AWS DataSync is a managed data transfer service that simplifies and speeds up moving large amounts of data between on-premises storage systems and AWS storage services. With DataSync, you deploy a DataSync agent locally as a virtual machine to connect to your existing storage array or file system over the Network File Storage (NFS) protocol, and that agent sends and receives data to and from the fully managed DataSync service in AWS.
Parallel, scalable architecture
Connections between the local DataSync agent and the in-cloud service components are multi-threaded, parallelizing large files to improve performance over the Wide Area Network (WAN). DataSync also auto-scales cloud resources to support higher-volume transfers, and makes it easy to add agents on-premises if needed. The service can scale performance to fully utilize a 10 Gbps network link.
Purpose-built network protocol
The service employs an AWS-designed transfer protocol—decoupled from storage protocol—to speed data movement. The protocol performs optimizations on how, when, and what data is sent over the network. Some of the protocol’s network optimizations include incremental transfers, in-line compression, and sparse file detection, as well as in-line data validation and encryption.
Automatic infrastructure management
After you deploy the DataSync agent, connect it your on-premises storage, and select your Amazon S3 bucket or EFS file system as the destination or source for data transfers, the DataSync service manages the rest of the infrastructure, including automatically scaling in-cloud resources. It also makes it easy to add and manage more agents on-premises. This removes many of the infrastructure and management challenges that you face when either writing, optimizing and managing your own copy scripts, or deploying and tuning heavyweight commercial transfer tools.
File system integration and metadata preservation
The DataSync agent connects to your existing storage systems using the industry-standard NFS protocol. The agent transfers data rapidly and deposits it your designated Amazon S3 bucket or Amazon EFS file system. When copying data to Amazon S3, DataSync automatically converts each file to be a single S3 object in a 1:1 relationship, and preserves file metadata as Amazon S3 object metadata. When you copy objects that contain file system metadata back to file formats, the original file metadata that DataSync copied to S3 is restored. Similarly, when Amazon EFS is the destination for your data, DataSync preserves your existing directory structures and file metadata.
Data encryption and validation
All of your data is encrypted in transit with Transport Layer Security (TLS). DataSync integrates with AWS Key Management Service (AWS KMS) so you can encrypt data at rest in AWS. For data in Amazon S3, you can also use Amazon S3-Managed Encryption Keys (SSE-S3). DataSync also makes sure that your data arrives intact. For each transfer, service performs integrity checks both in transit and at rest.
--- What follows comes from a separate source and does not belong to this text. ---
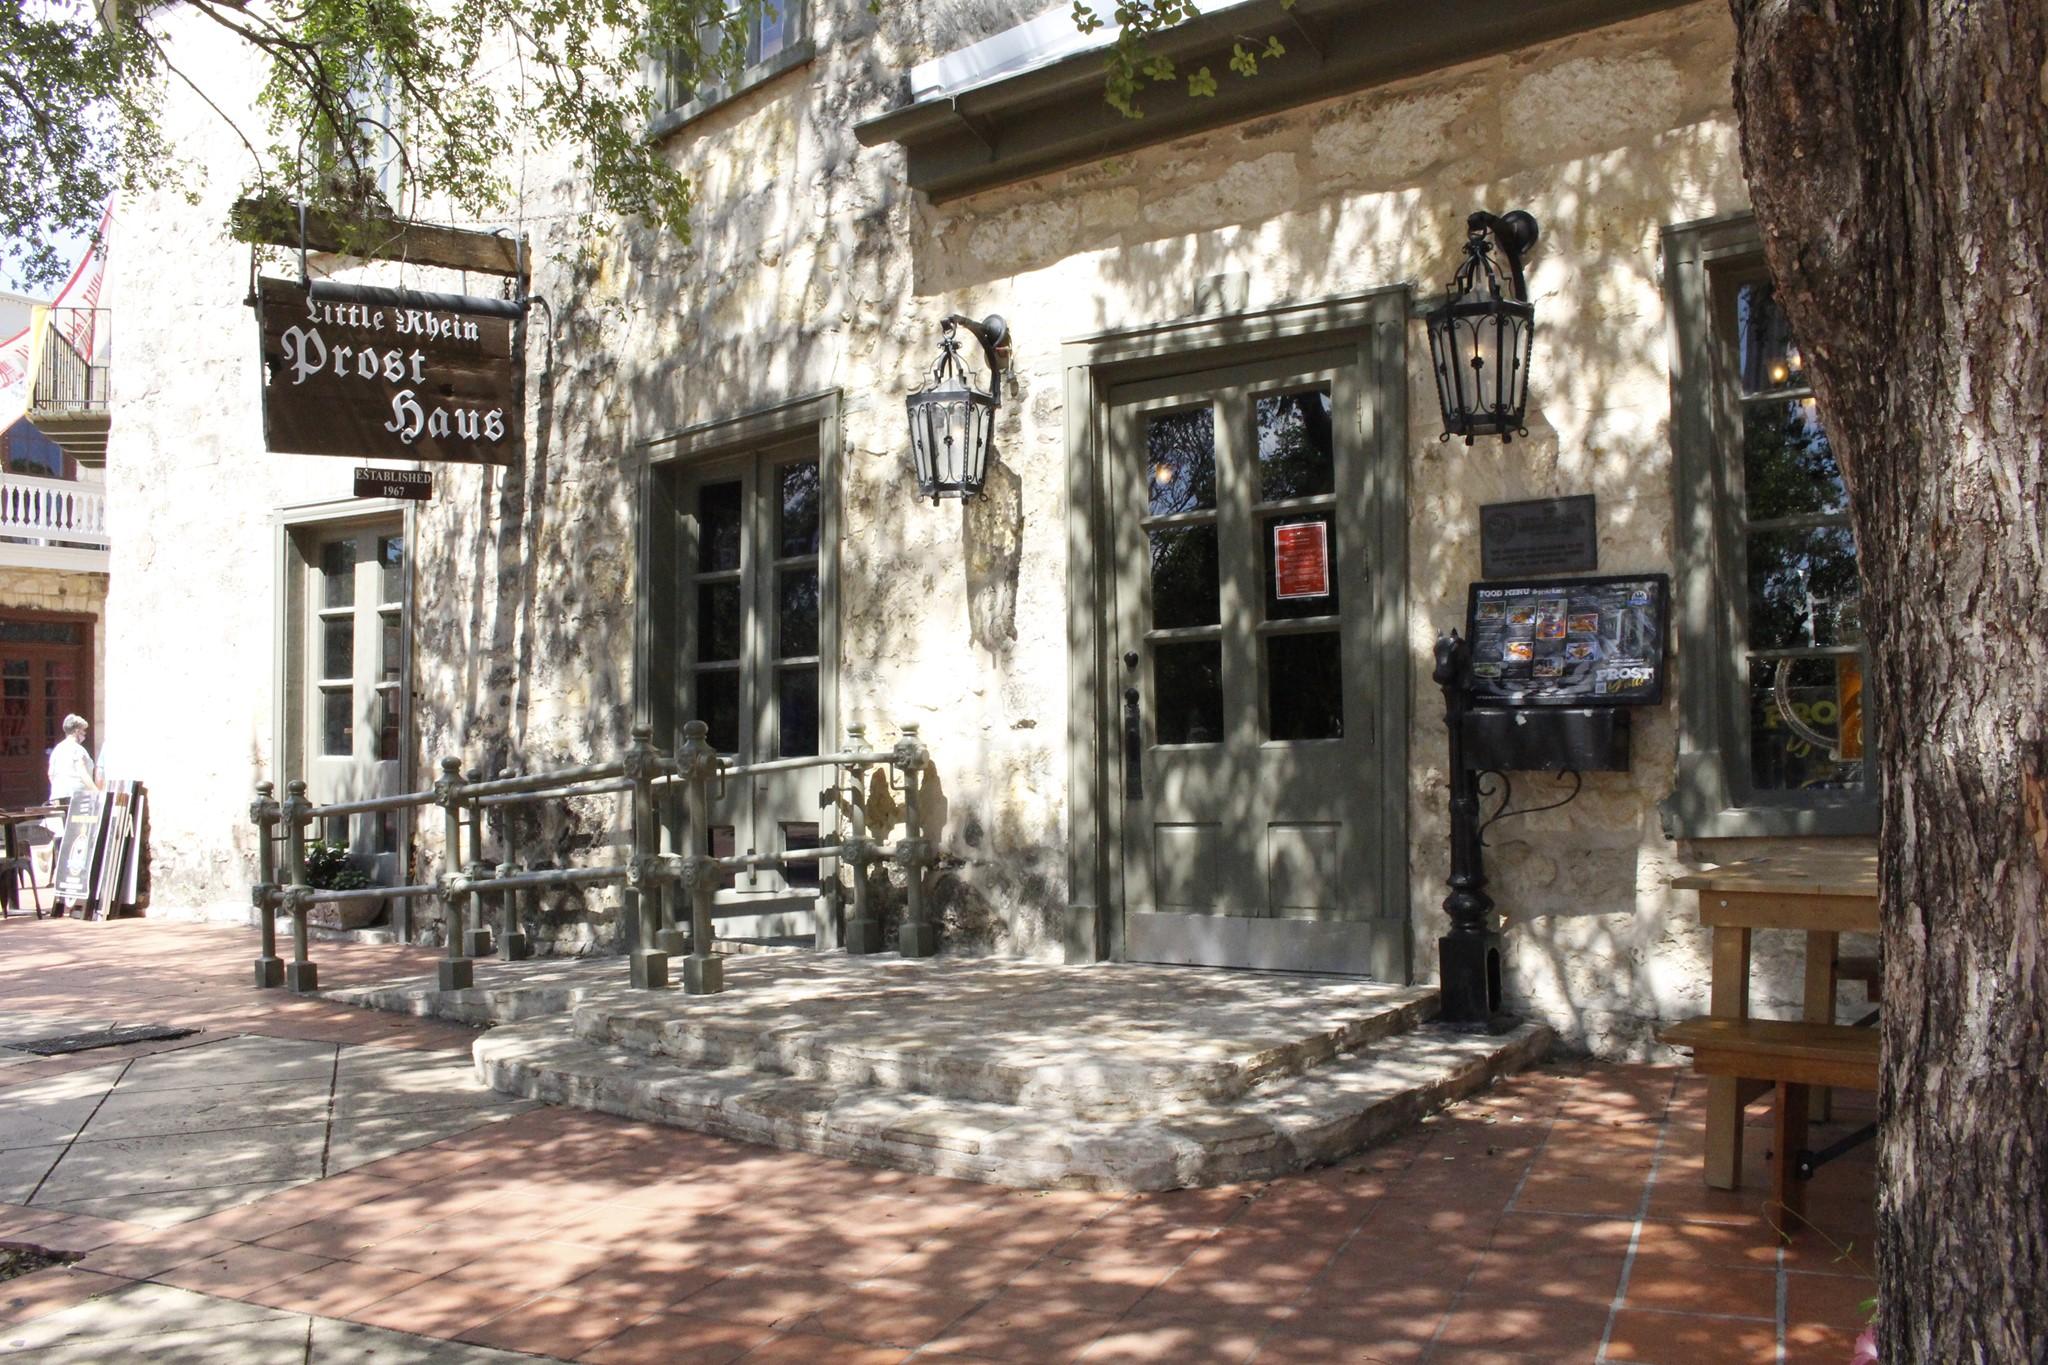 Best San Antonio Riverwalk Patio - Little Rhein Prost Haus
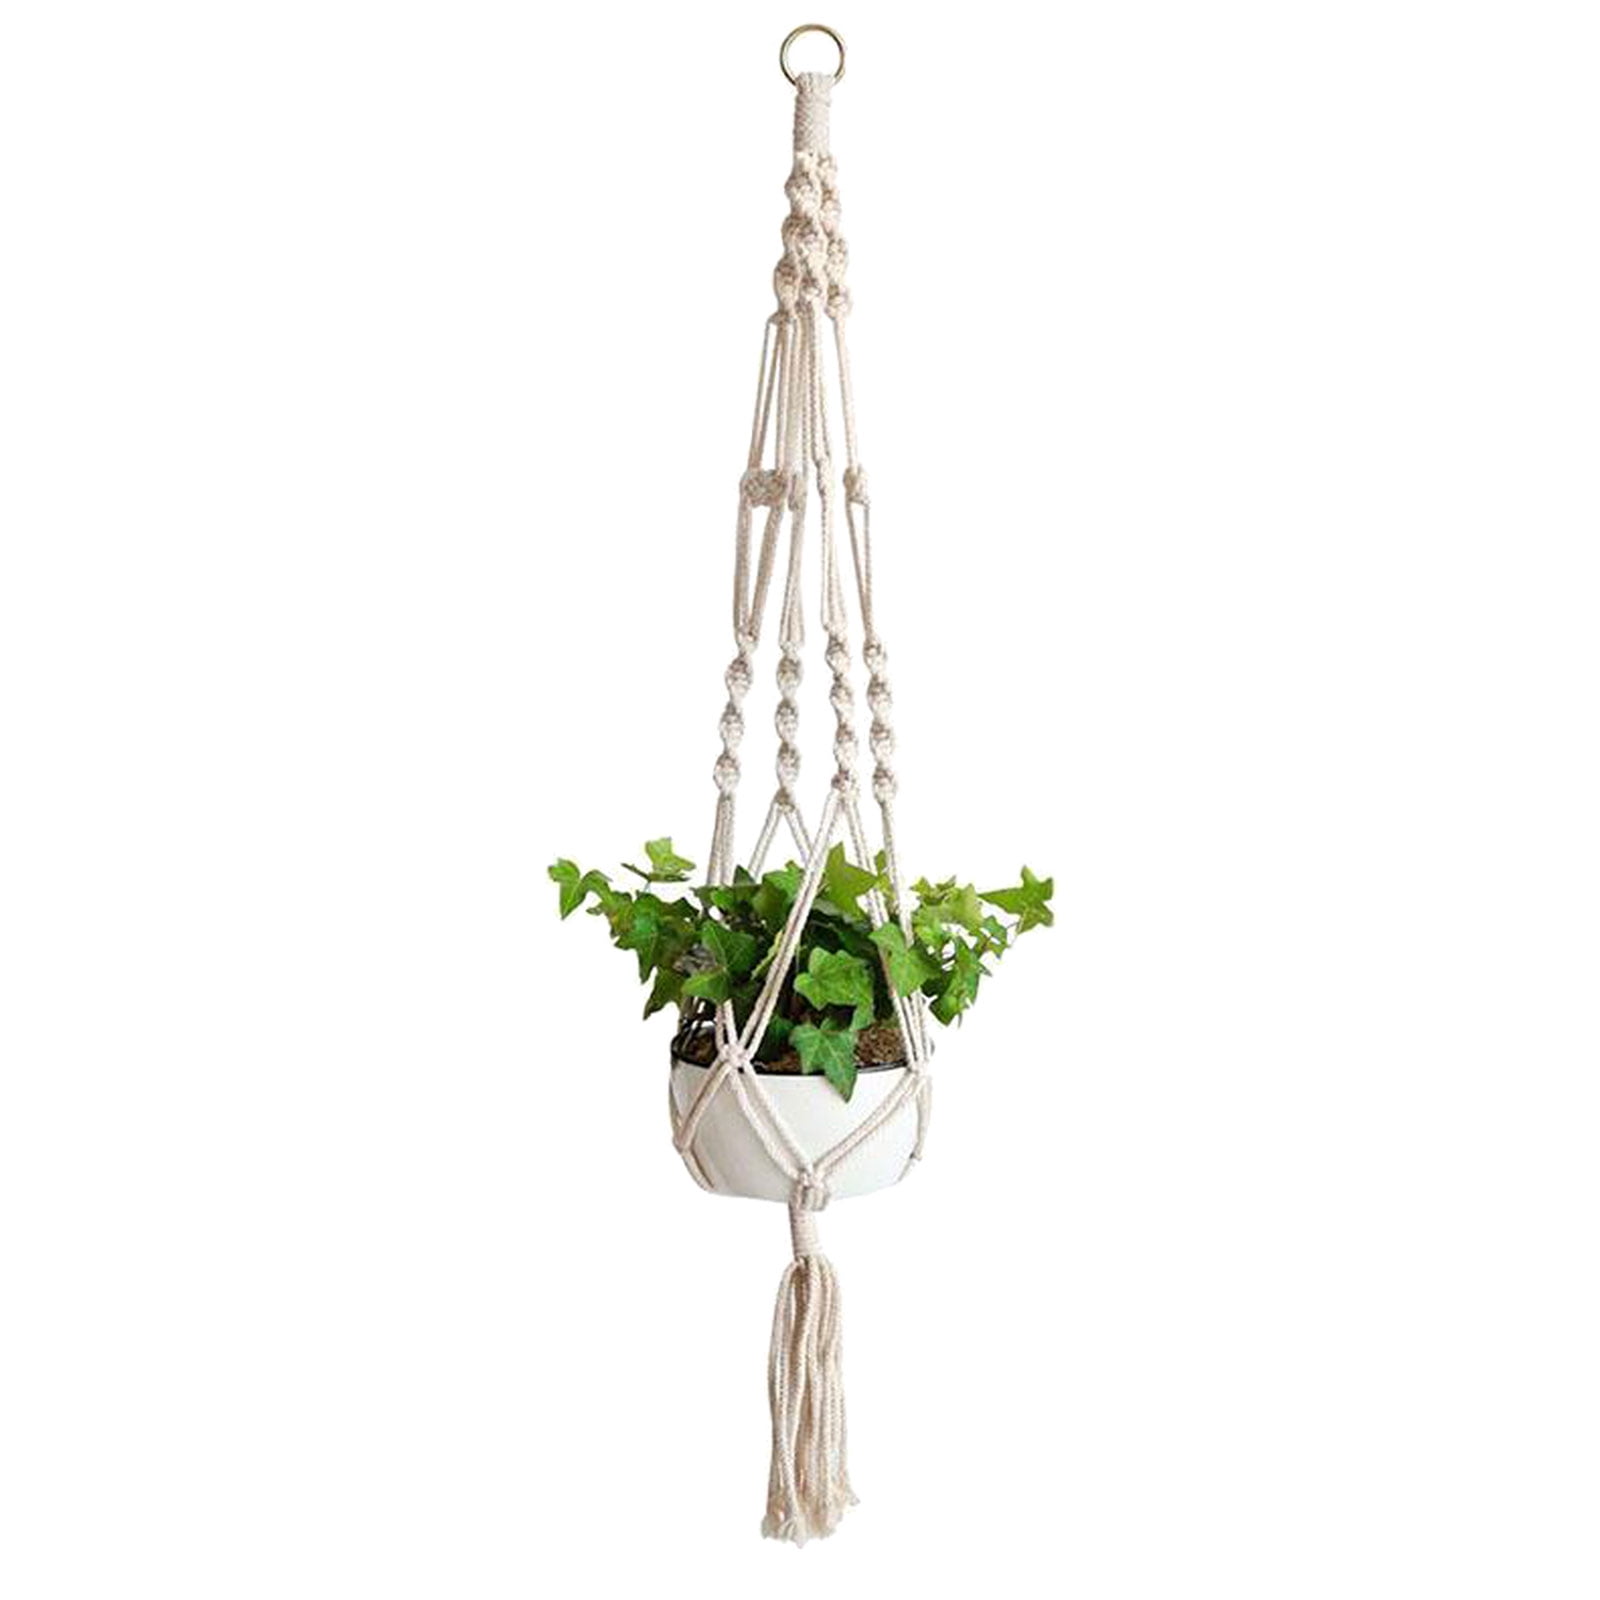 Vintage Macrame Plant Hanger Garden Flower Pot Holder Hanging Rope Baskets Decor

These checks ensure that the data written to your destination matches the data read from your source, validating consistency.
You pay only for data copied by the service, at a flat, per-gigabyte rate—no software licenses, contracts, maintenance fees, development cycles or required hardware. This provides a lower total cost of ownership than trying to manually build, operate, and optimize your own high-performance scripted transfers. It also offers lower total cost than buying and running commercial transfer tools.
Integration with AWS infrastructure and management services
DataSync works natively with AWS infrastructure and management services to make data movement simpler, and to provide consistent management experience for your DevOps teams. In addition to the integrations with Amazon EFS, Amazon S3 and AWS KMS noted above, DataSync connects with Amazon VPC in order to move files directly into your EFS file system inside your VPC. Like other AWS services, you use AWS Identity and Access Management (IAM) to securely manage access for DataSync. The service accesses your Amazon S3 bucket using an IAM role you configure.
Monitoring and auditing with Amazon CloudWatch and AWS CloudTrail
With Amazon CloudWatch, you can monitor the status of any DataSync transfers currently in progress and check the history of previous data transfers. With CloudWatch Metrics you can see the number of files and amount of data which has been copied. You can consult CloudWatch Logs for more information about previous tasks. In addition, CloudWatch Events can be triggered as your transfer tasks complete, enabling automation of dependent workflows. For audit purposes, you can consult AWS CloudTrail which logs all actions performed by DataSync.